University of Queensland scientists have helped to construct a detailed timeline for bacterial evolution, suggesting some bacteria used oxygen long before evolving the ability to produce it through photosynthesis.

The multinational collaboration – led by researchers from the Okinawa Institute of Science and Technology, the University of Bristol, Queensland University of Technology and UQ – focused on how microorganisms responded to the Great Oxygenation Event (GOE) about 2.33 billion years ago, which changed Earth’s atmosphere from mostly devoid of oxygen to one that allows humans to breathe.

Professor Phil Hugenholtz from UQ’s School of Chemistry and Molecular Biosciences said establishing accurate timescales for how bacteria evolved before, during and after the GOE had been difficult until now, because of incomplete fossil evidence.

“Most microbial life leaves no direct fossil record, which means that fossils are missing from the majority of life’s history on Earth,” Professor Hugenholtz said.

“But we know ancient rocks hold chemical clues of how bacteria lived and fed, and we were able to address the gaps by concurrently analysing geological and genomic records.

“The key innovation was using the GOE as a time boundary, assuming that most aerobic branches of bacteria are unlikely to be older than this event unless fossil or genetic signals suggested otherwise.”

The team first estimated which genes were present in ancestral genomes.
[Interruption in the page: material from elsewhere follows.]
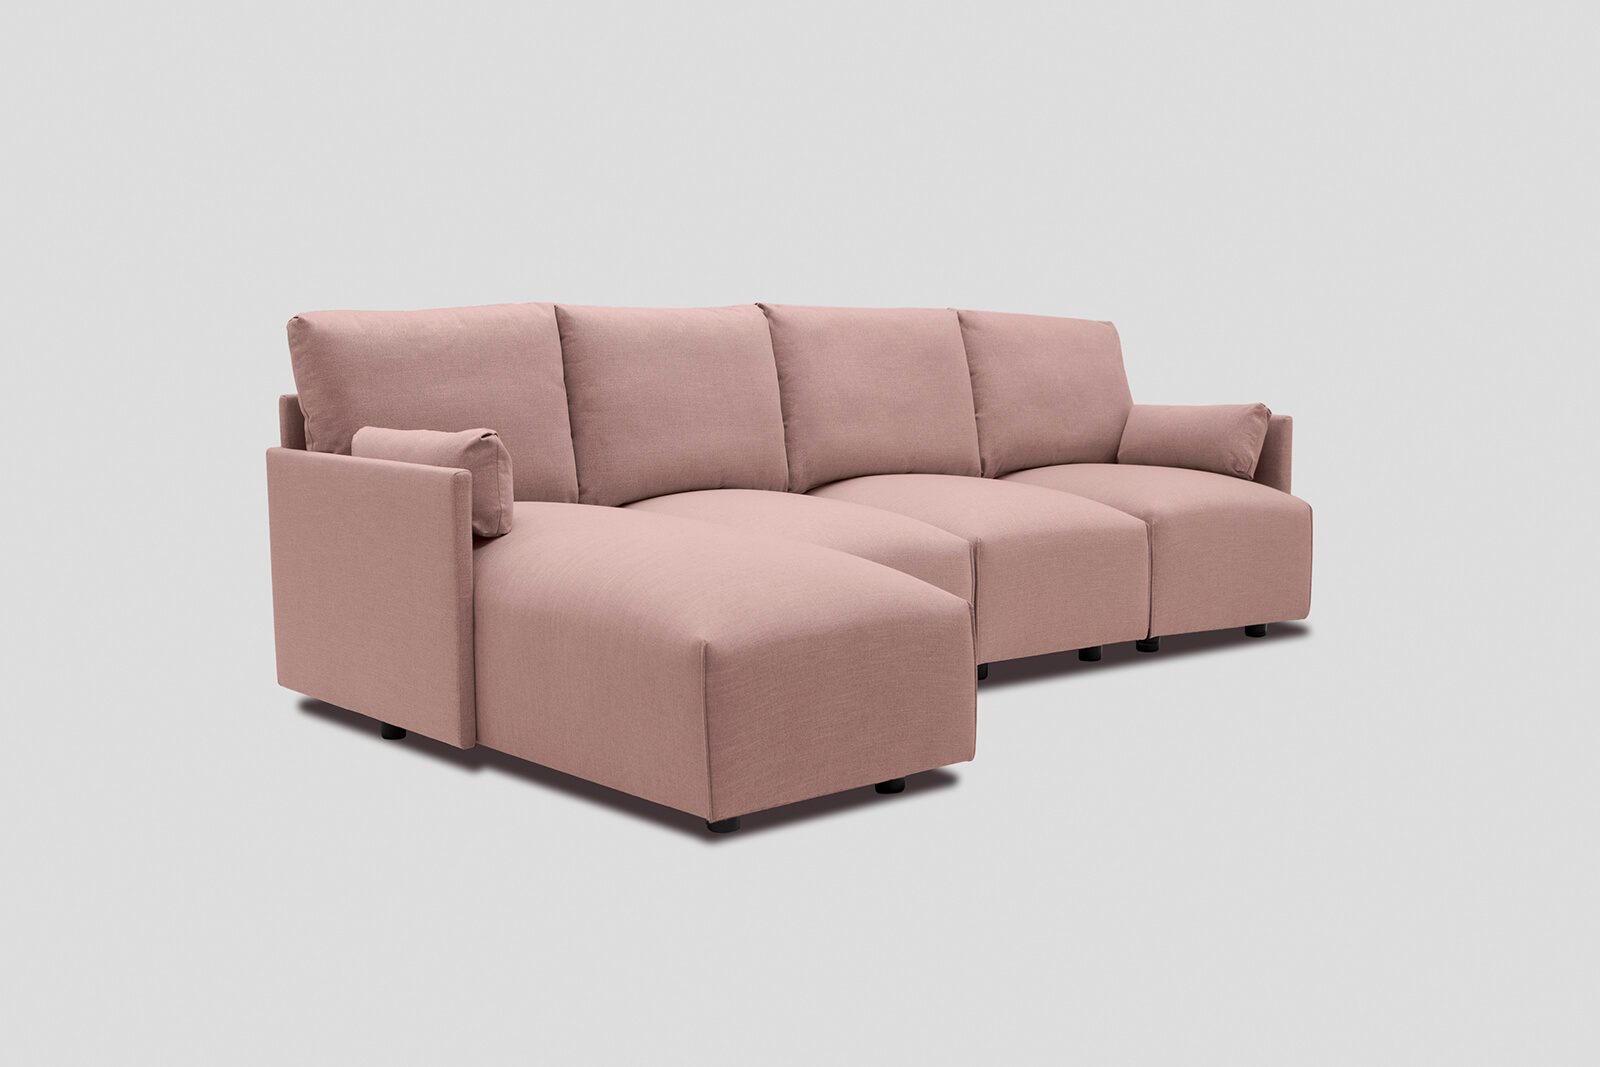 HB04-large-chaise-sofa-rosewater-3q-left

They then used machine learning to predict whether or not each ancestor used oxygen to live.

To best utilise fossil records, the researchers included genes from mitochondria (related to alphaproteobacteria) and chloroplasts (related to cyanobacteria), which allowed them to use data from early complex cells to better estimate when events happened.

“Results show that at least 3 aerobic lineages appeared before the GOE – by nearly 900 million years – suggesting that a capacity for using oxygen evolved well before its widespread accumulation in the atmosphere,” Professor Hugenholtz said.

“Evidence suggests that the earliest aerobic transition occurred around 3.2 billion years ago in the cyanobacterial ancestor, which points to the possibility that aerobic metabolism occurred before the evolution of oxygenic photosynthesis.”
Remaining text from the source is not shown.